Objective:  Single-dose cardioplegia for myocardial protection is non-interupting option for a cardiac procedure. Histidine-Tryptophan-Ketoglutarate (HTK) solution has been used for cardioplegia in many cardiac centers; but the incidence of associated intraoperative ventricular fibrillation has been frequently observed. The current study determined the outcomes of HTK cardioplegia for simple cardiac operations compared to conventional blood cardioplegia.

Materials and Methods: A retrospective study was conducted among patients who underwent heart valve operations between January 2014 and December 2014. Sixty-four patients were included into the study. The medical records were source for detailed demographics, preoperative status, operative technique, and post-operative hospital course.

Results: Sixty-four patients were included in the study; 31 patients received HTK solution. Ventricular fibrillation after aortic cross-clamp removal occurred in 26 patients (40%), 14 in the HTK group (45%). There was no perioperative myocardial infarction.

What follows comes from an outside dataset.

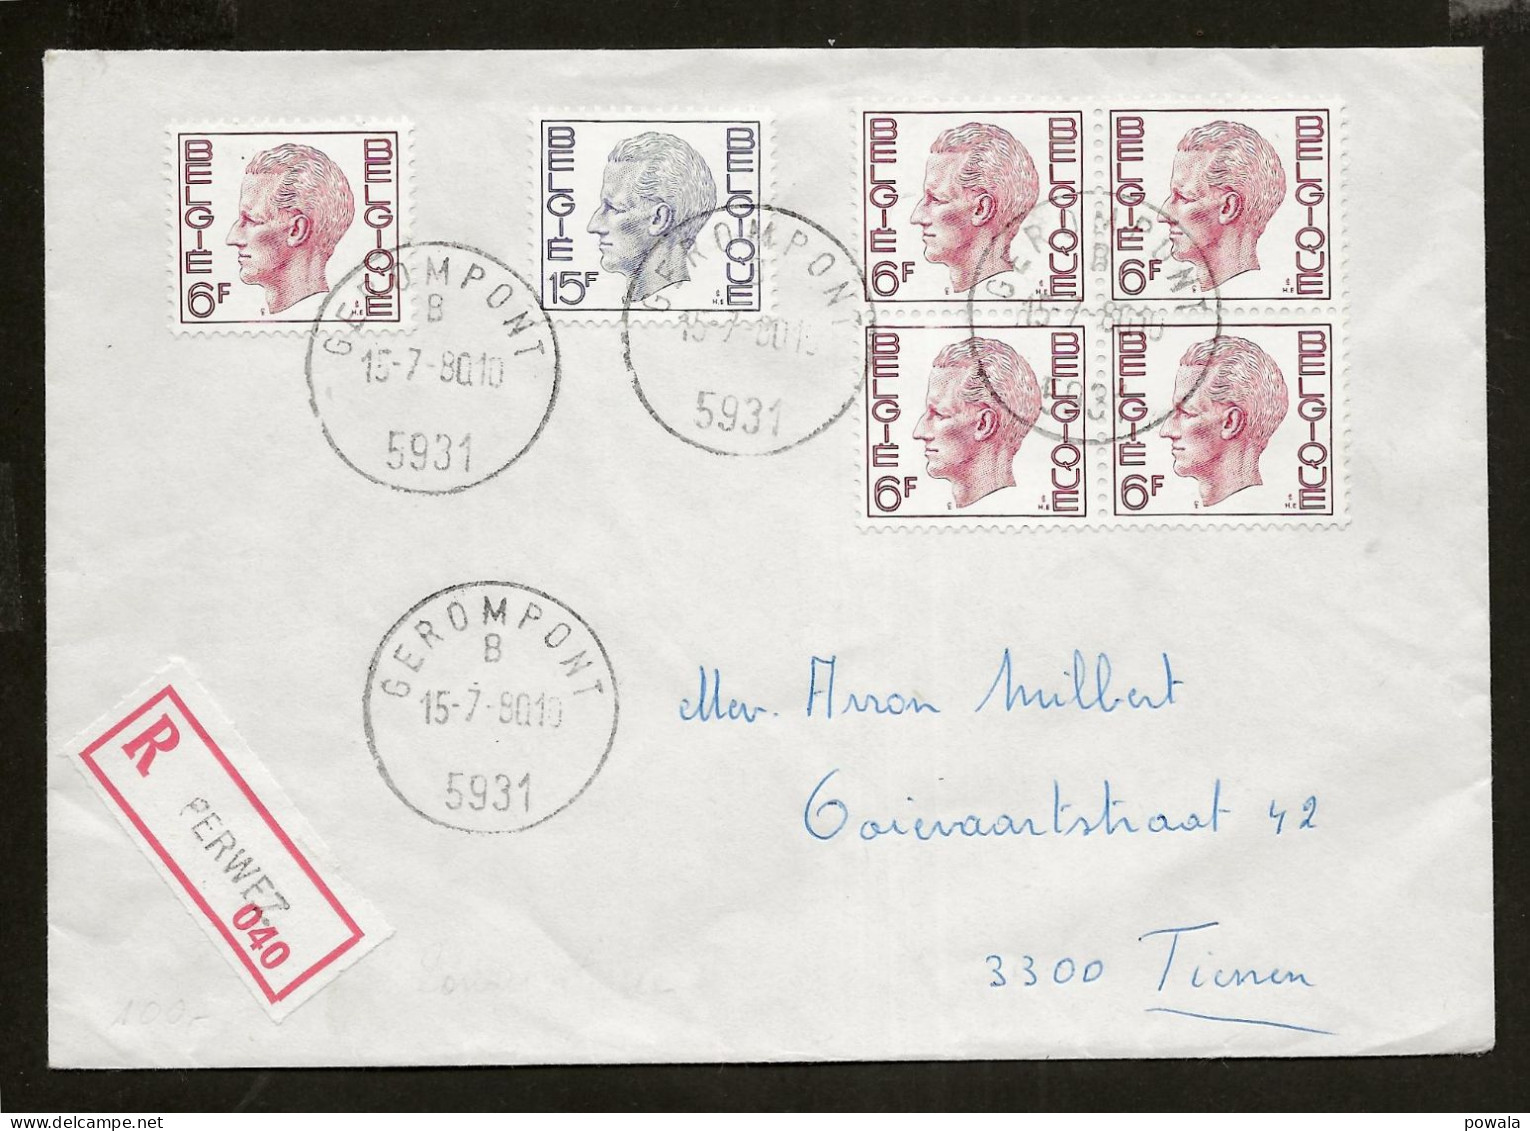 Bestellershalte GEROMPONT 15/7/1980 Stempel Zonder Sterren Letter B Op Recommande - Sterstempels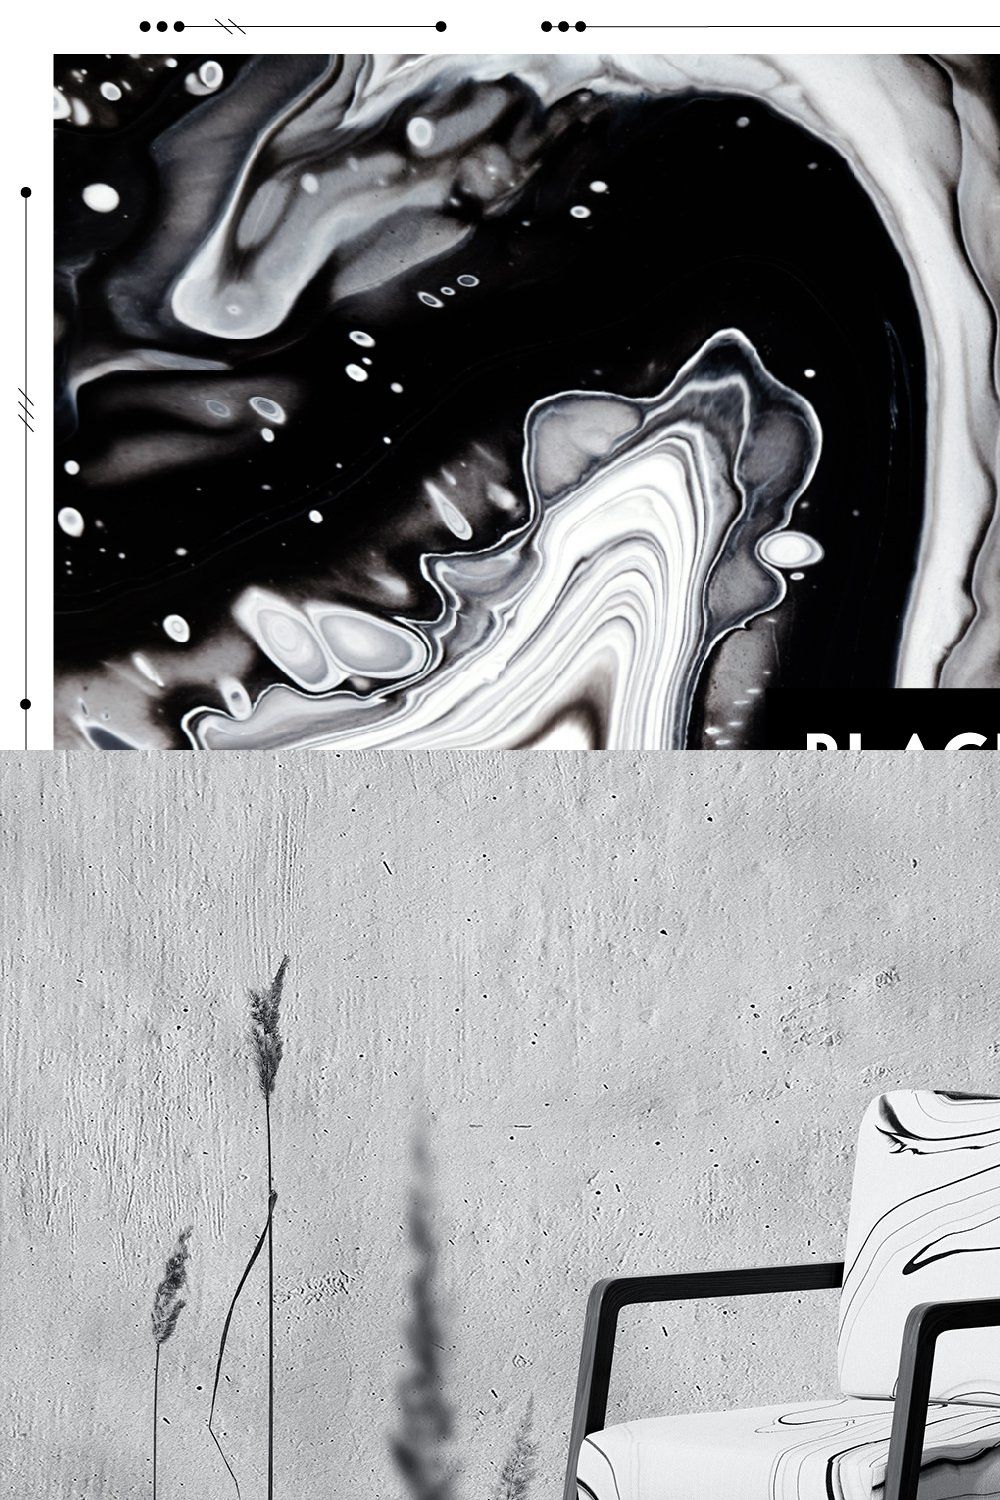 Black & White textures pinterest preview image.

Ventricular fibrillation after aortic cross clamp removal occurred more frequently in patients receiving HTK solution, albeit the difference was not statistically different.

Conclusions: The use of HTK solution has no significant different outcomes compare to conventional cold blood cardioplegia in heart valve operation. Ventricular fibrillation occurred after aortic cross clamp removal tends to be temporary and there was no evidence of postoperative myocardial infarction.